A winding road climbing through granite cliffs and pines in Big Cottonwood Canyon near Salt Lake City

The Lake and the Salt Flats

No visit is complete without the strange, briny lake itself. We drove out to Antelope Island in the late afternoon, a causeway running straight across the shallows to a bare hump of land where bison graze and the water is too salty for anything but brine shrimp and clouds of birds. The lake has no outlet, so it simply concentrates, and floating in it is like floating in nothing — you cannot sink.

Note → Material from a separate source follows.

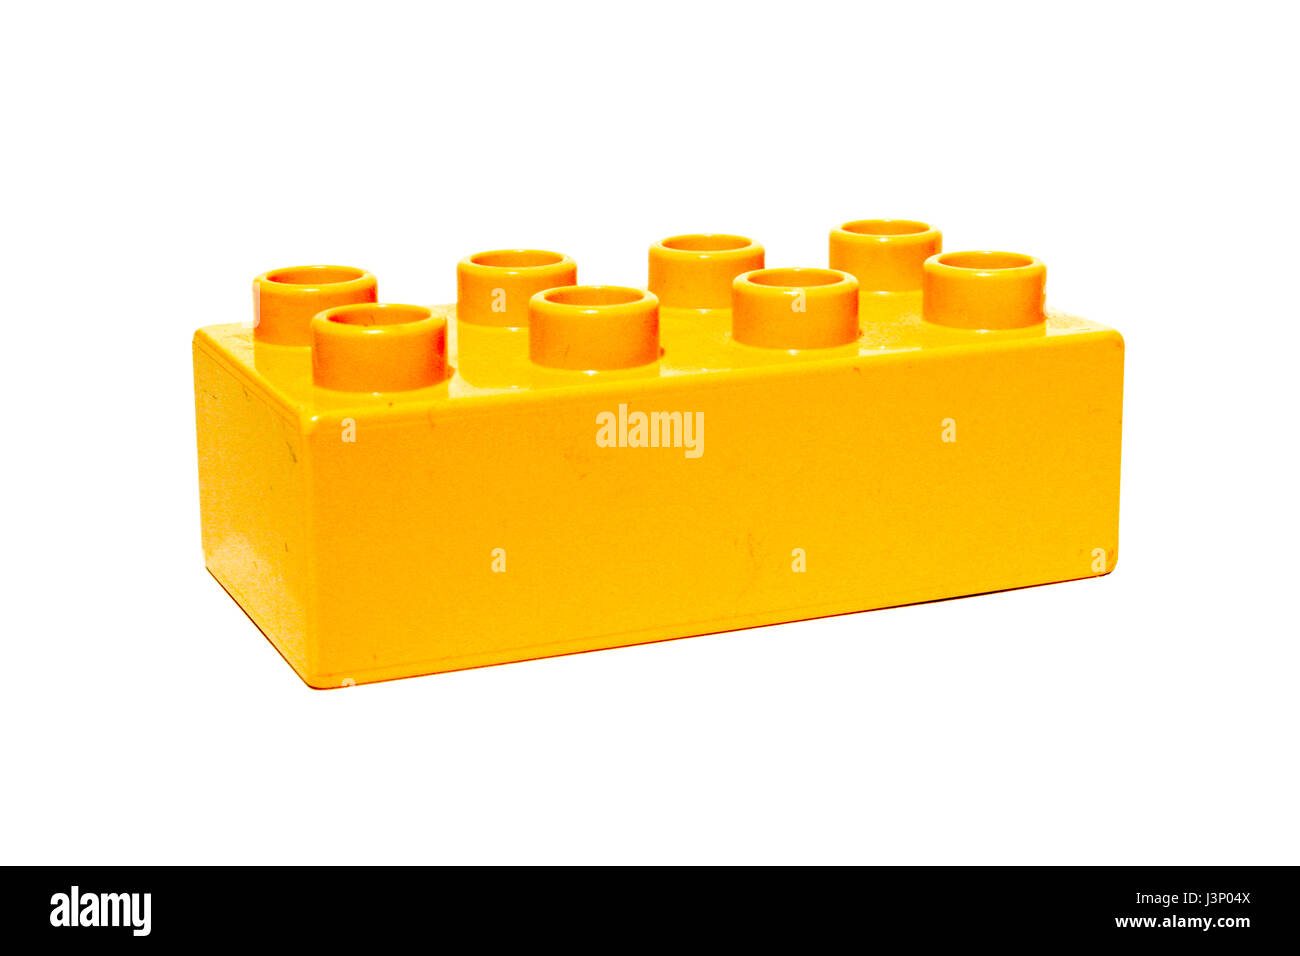 Farbigen Kunststoff Spielzeug Gebäude Kinder- Bausteine auf weißem  Hintergrund Stockfotografie - Alamy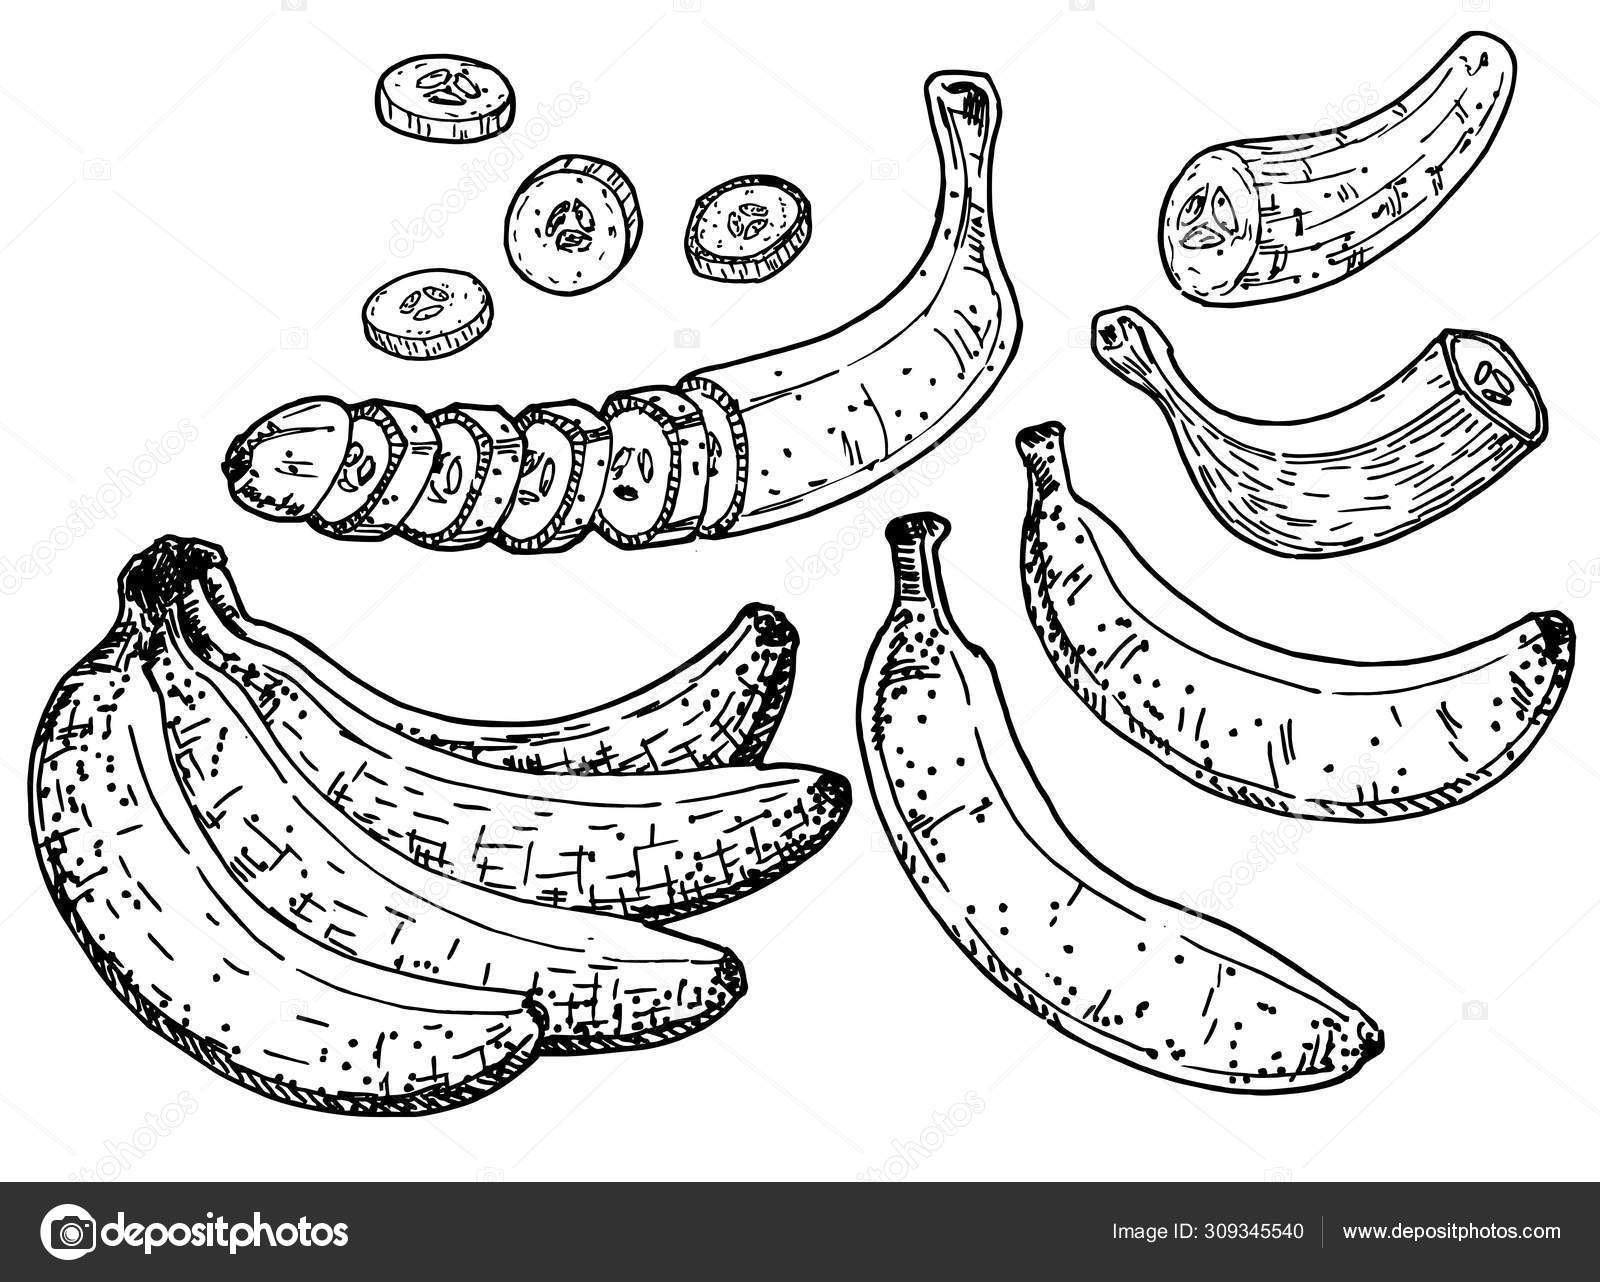 Banane Art vectoriel, icônes et graphiques à télécharger gratuitement

The far horizon dissolves where the pale flats meet the pale sky, and Lia and I stood on the shore in a silence broken only by wind and the cries of gulls, the mountains a distant blue line behind us.

Bison grazing on Antelope Island with the pale water of the Great Salt Lake and distant mountains beyond

Getting There

Salt Lake City International Airport is a major western hub with a light-rail line running straight into downtown in twenty minutes, and it is genuinely one of the easiest big-city airports I know. The city makes an ideal base: the ski resorts of the Cottonwood canyons are under an hour away, and Utah’s red-rock parks — Arches, Capitol Reef, Zion — lie within a half-day’s drive south. Winter is for powder and spring for the mountains greening up; summer days can bake in the valley but the canyons stay cool. We stayed three nights and used every one of them to go somewhere different, which is exactly what this city is built for.